Сотня золотых ос
Шрифт:
Лучше бы ты побольше слушала таких историй.
Он наконец бросается, и она почти рада — теперь он стал понятнее. На паре его щупалец по пять отростков, а под кожей — жесткий костяной каркас.
У него есть кости и монотонная, голодная злость зверя забывшего, что значит быть сытым. Ему не нужны зубы, чтобы укусить.
Зачем ты рассказала Леопольду, что из-за тебя маме, твоей замечательной маме, которую все так любили, не давали лицензию на второго ребенка? Зачем этому человеку было знать, что ты
Несдержанная, агрессивная. Хамила соседям и учителям, дралась с другими детьми, портила общественное имущество, даже к карабинерам попадала — потому что никак не могла заставить себя стать такой, какой хотела видеть тебя милая мама с конвентами, на которых даже пряникам уютно. Молодец, ты рассказала об этом Леопольду. Вот этому человеку в белом однобортном пиджаке, заменяющем халат. Человеку с вечно растерянным лицом, несуразному, тощему, с нелепой щетиной, которую можно было убрать раз и навсегда за десять минут.
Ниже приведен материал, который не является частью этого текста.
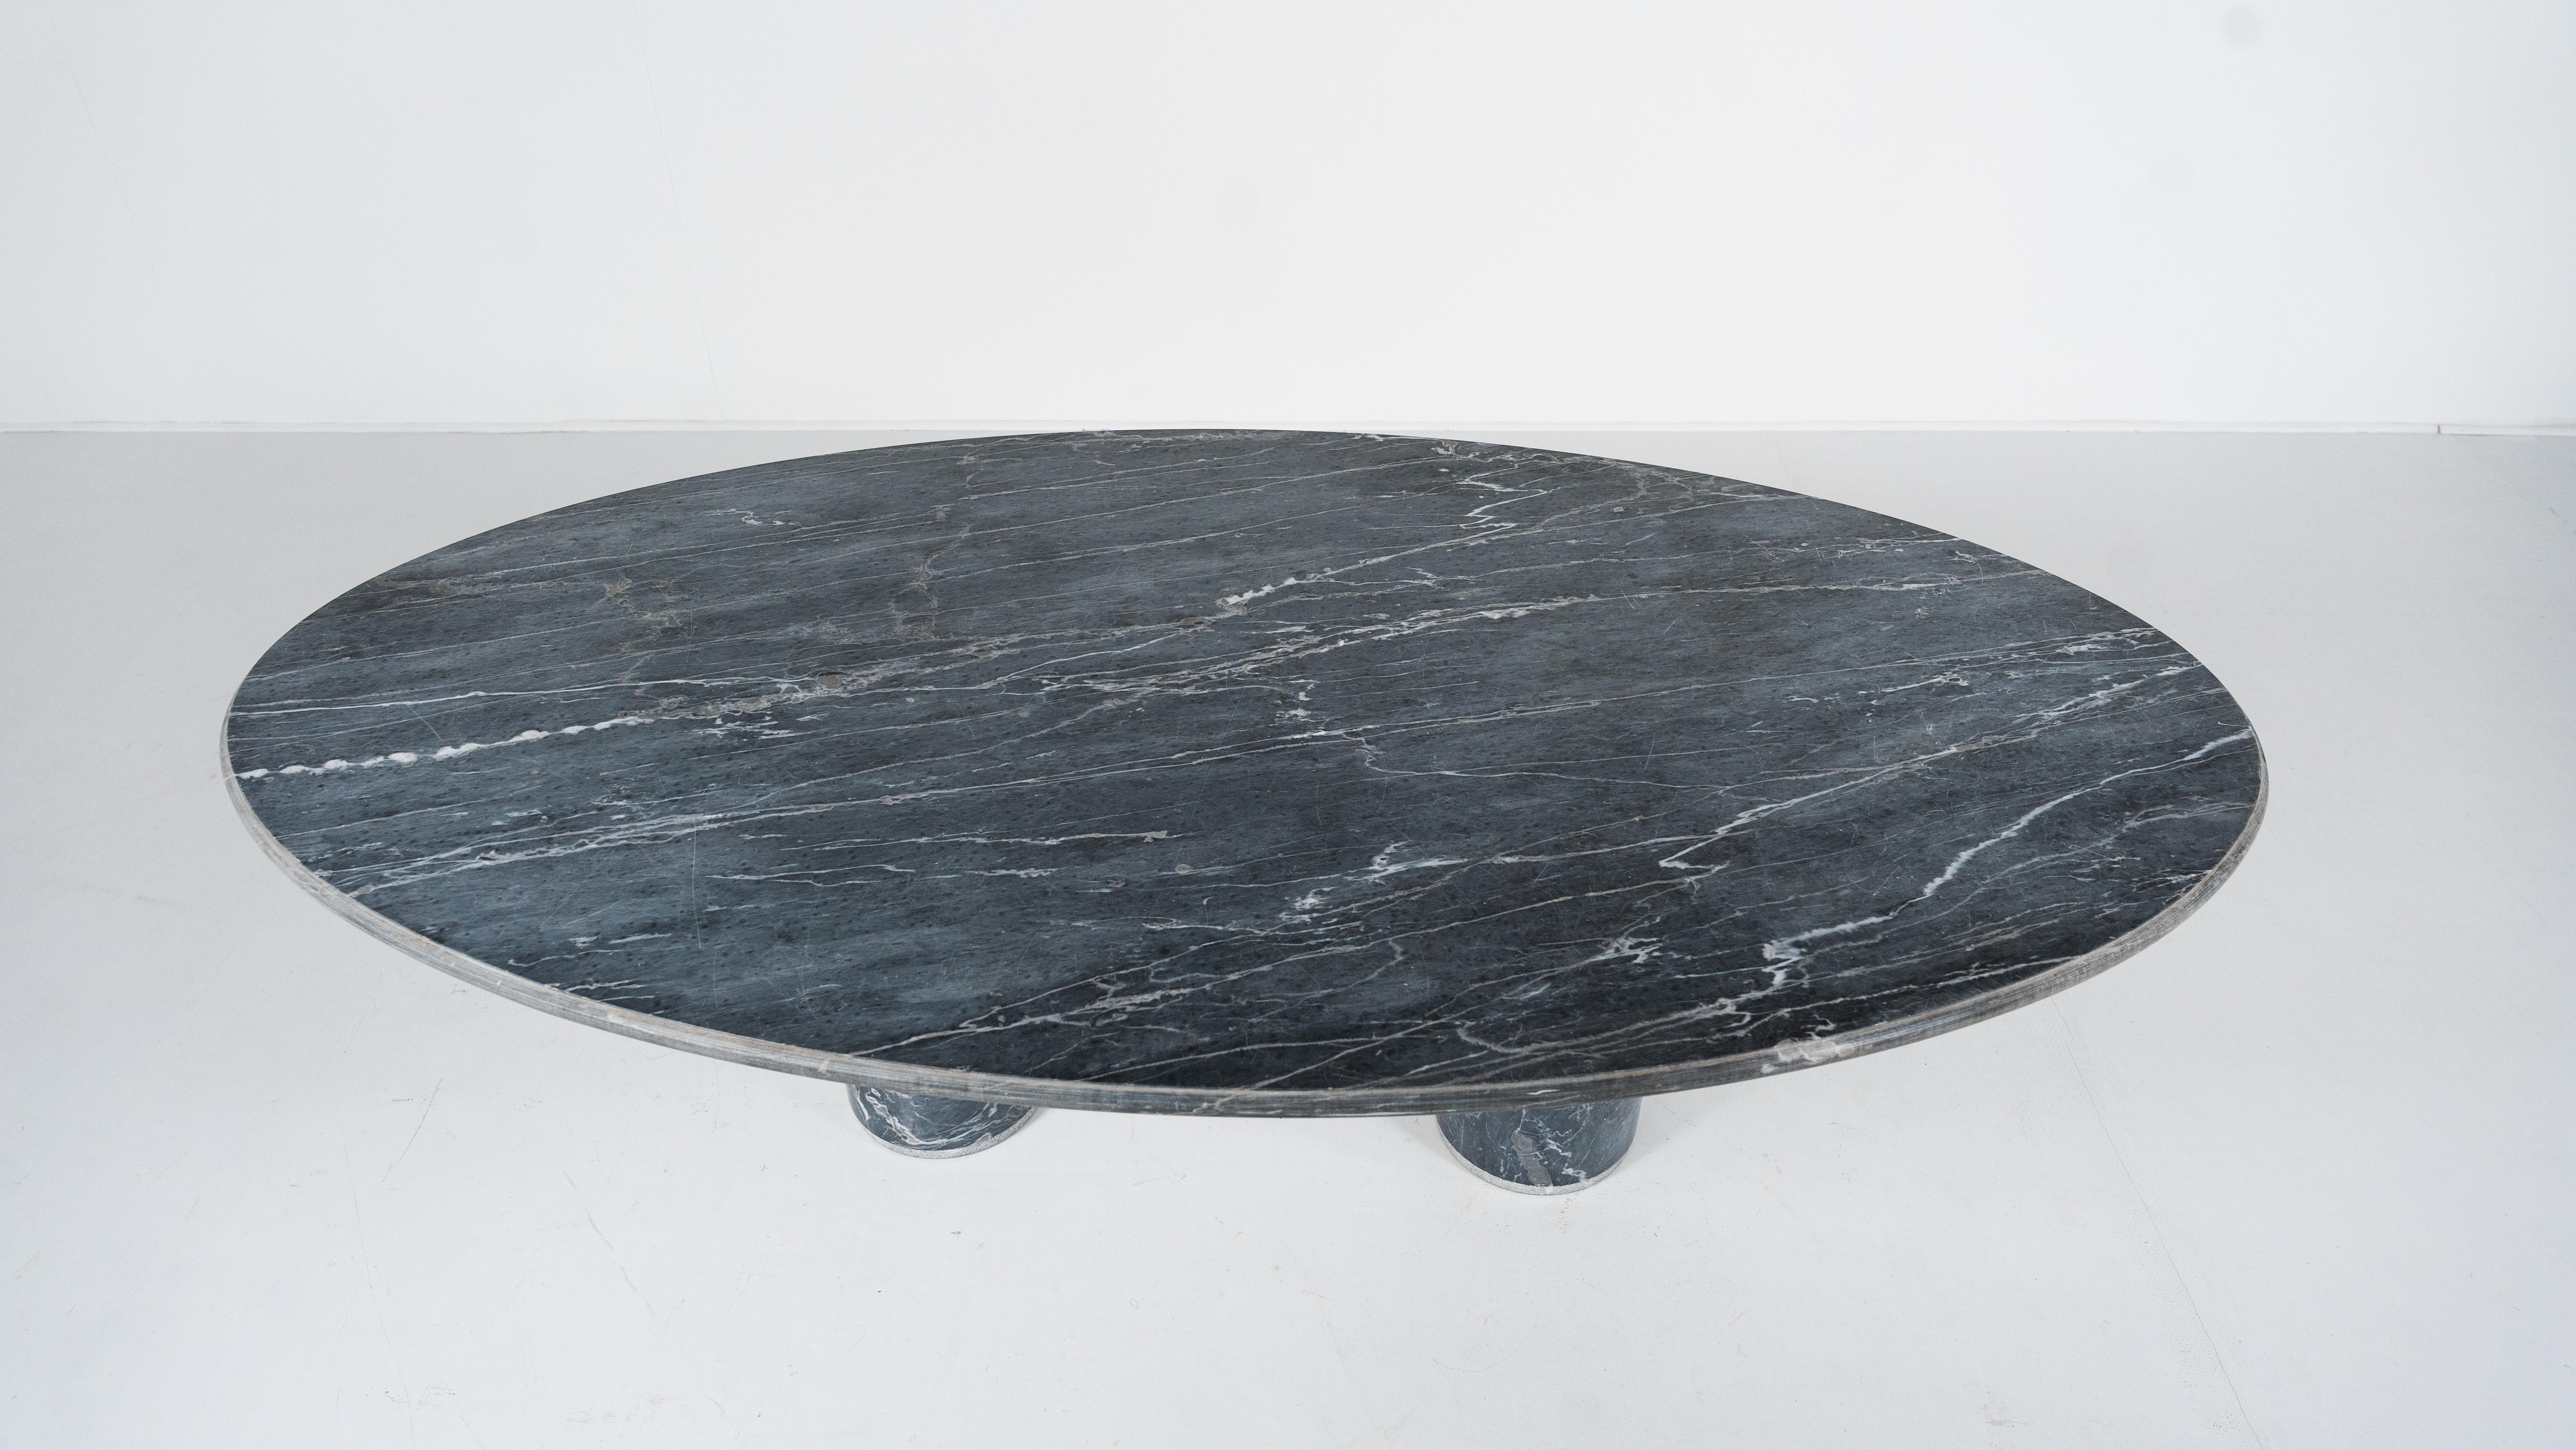 Ovale del Giardiniere Table by Achille Castiglioni for Upgroup, Marble, 1980s For Sale 2

Нашла спасителя, сука.
Что ты в нем почувствовала?
Настоящие вещи, настоящие люди, а, Прошлая-Я?
Противник сдавливает горло — жало становится бесполезно, им не достать, и щупальца никак не получается свернуть так, чтобы вцепиться в неизвестного хищника, который не боится ни ее жала, ни белой ядовитой крови.
Тебе ведь мало было вины перед матерью и ее народившимися из-за тебя детьми, так получай еще вину перед Леопольдом. Забирай ее, а мне не нужно.
У меня другие дела.
Если бы не ты, все бы закончилось иначе.
Леопольд настоял, чтобы в общей гостиной поставили витраж из настоящего стекла. Потому что тебе нравились старые вещи.
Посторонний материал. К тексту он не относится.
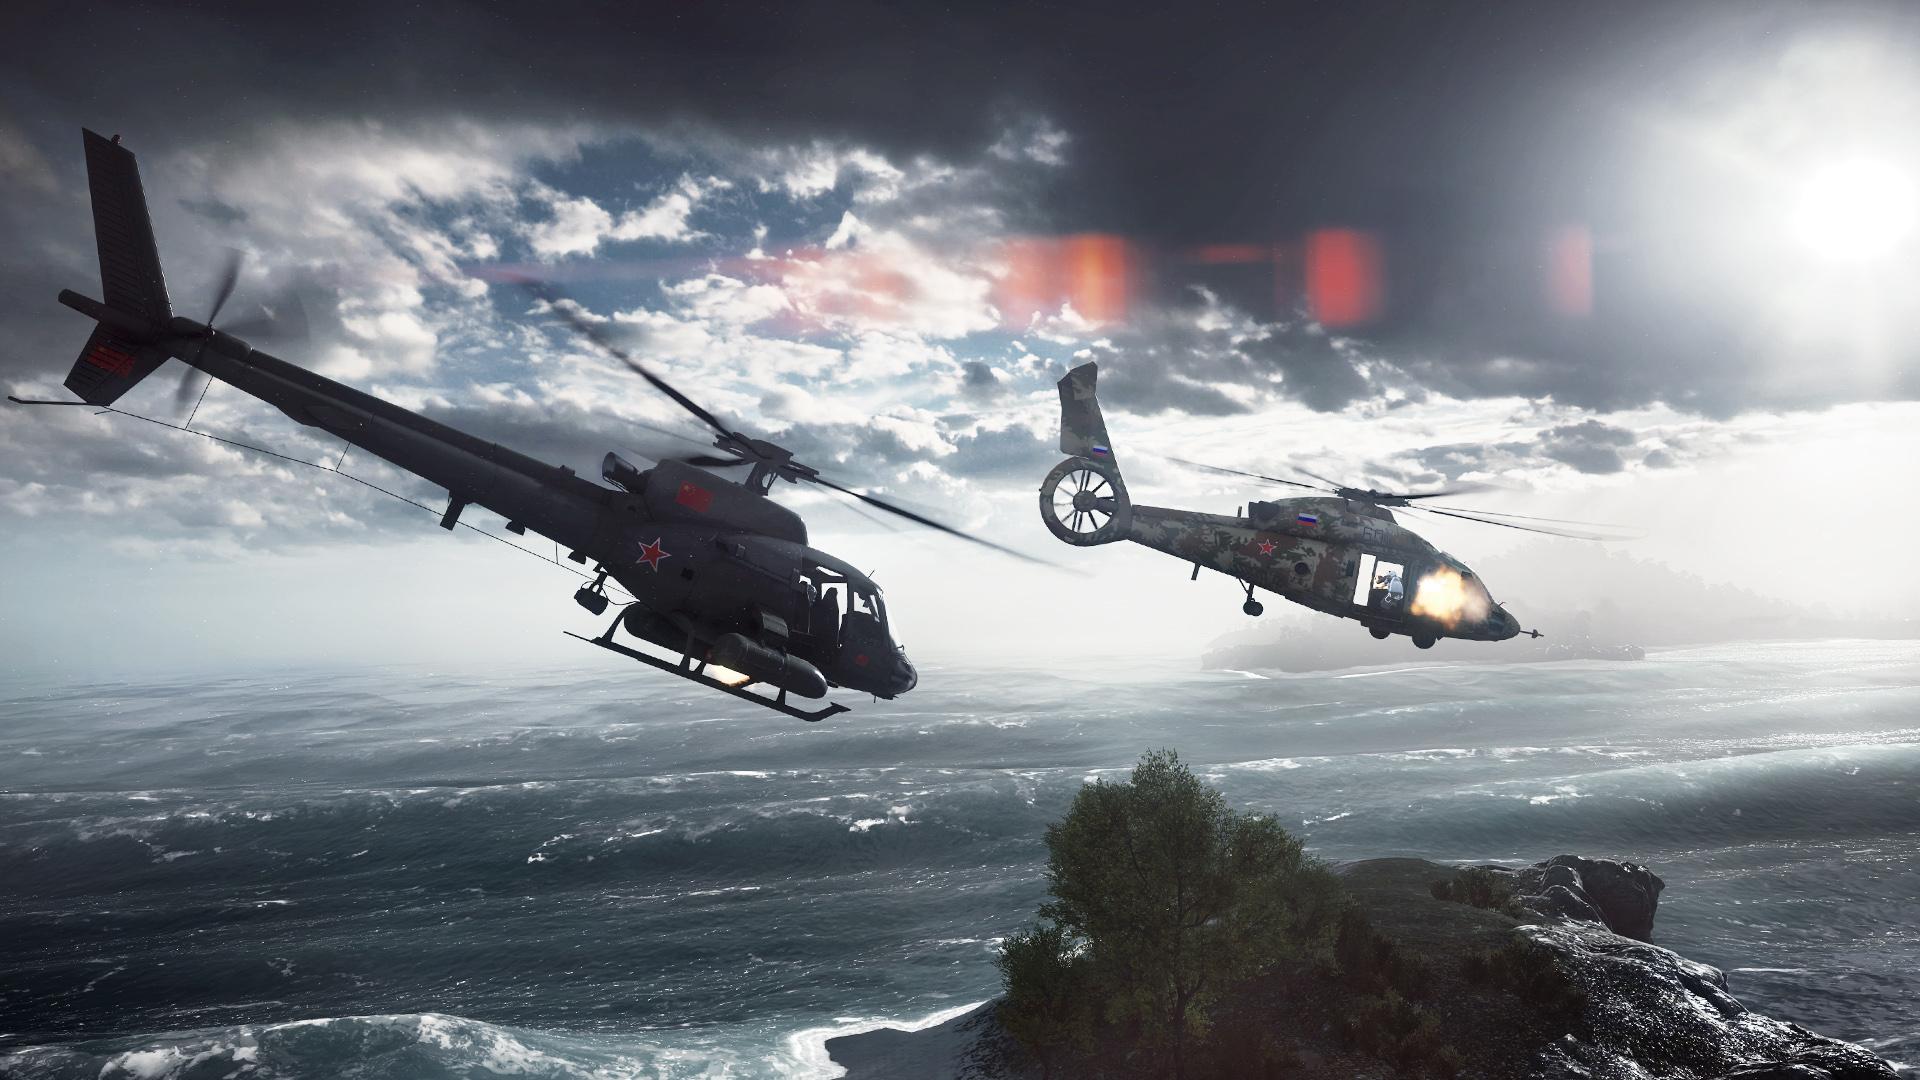 Battlefield 4 Premium comes with five expansions for $50 - Polygon

Мне тоже нравятся. Ничего не могу с этим сделать.
Щупальца скользят по жесткой холодной коже — холоднее, чем у нее. Он запустил крючки-отростки, словно вросшие в ее горло и спину. Они становятся длиннее, вот-вот доберутся до сердца.
Жало дергается все реже, она уже почти не может и не старается им управлять.
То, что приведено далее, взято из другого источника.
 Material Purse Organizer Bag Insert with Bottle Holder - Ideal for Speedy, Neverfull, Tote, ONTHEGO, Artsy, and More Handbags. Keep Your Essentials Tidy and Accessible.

А Гершелл разрешил это проклятое стекло. Если подумать — вот кто был во всем виноват. Вот кто сделал все, чтобы об этом никто не вспомнил.
Леопольд настоял, чтобы ты поговорила с матерью. Потому что он говорил тебе много правильных слов, которым ты верила, давал много правильных таблеток, которые тебе помогали. И ты почти освободилась. Помнишь, что он сказал? «Ты любишь вещи, которые называешь настоящими, ты хочешь искренности, даже если она уродлива, но продолжаешь что-то доказывать матери, которую придумала сама».
Гершелл так не умел. И его башня — малиновое бархатное вранье, сострадательный голос, задающий вопросы — тоже так не умела. Если где-то появляется красный бархат — там ничего не бывает по-настоящему.
И ты поверила. Есть чужая женщина и ее «аватар», о котором она понятия
Вам нужно было только поговорить. И ты была бы свободна.
Она всегда была неуязвимым хищником. Была ядовита, могла питаться падалью и свежим мясом, а могла не питаться вовсе, месяцами выжидая, пока появится добыча. Могла дышать под водой и на суше, могла протолкнуть щупальце в любую щель и достать оттуда еду, кем бы она ни была. Она была хитрой и умела прятаться. Всегда побеждала в редких боях — раньше на нее бросались от голода, от глупости, от безысходности, если что-то гнало со своих охотничьих угодий.
А зачем ее хочет убить это существо она не понимала.
Может, оно просто было жестоко.
Поверила. Ты ему поверила. Нужно было тебе самой разбить тот витраж и нажраться осколков — все были бы счастливы. Еще и Гершелл с работы бы наверняка вылетел.
В какой момент все пошло не так?
Я не хочу этого знать. Я не помню, что сказала мама.
Но втайне я все еще надеюсь, что ты мне расскажешь. Ты-В-Конвете, Ты-В-Высокой-Башне, Я-Которая-Не-Вернется.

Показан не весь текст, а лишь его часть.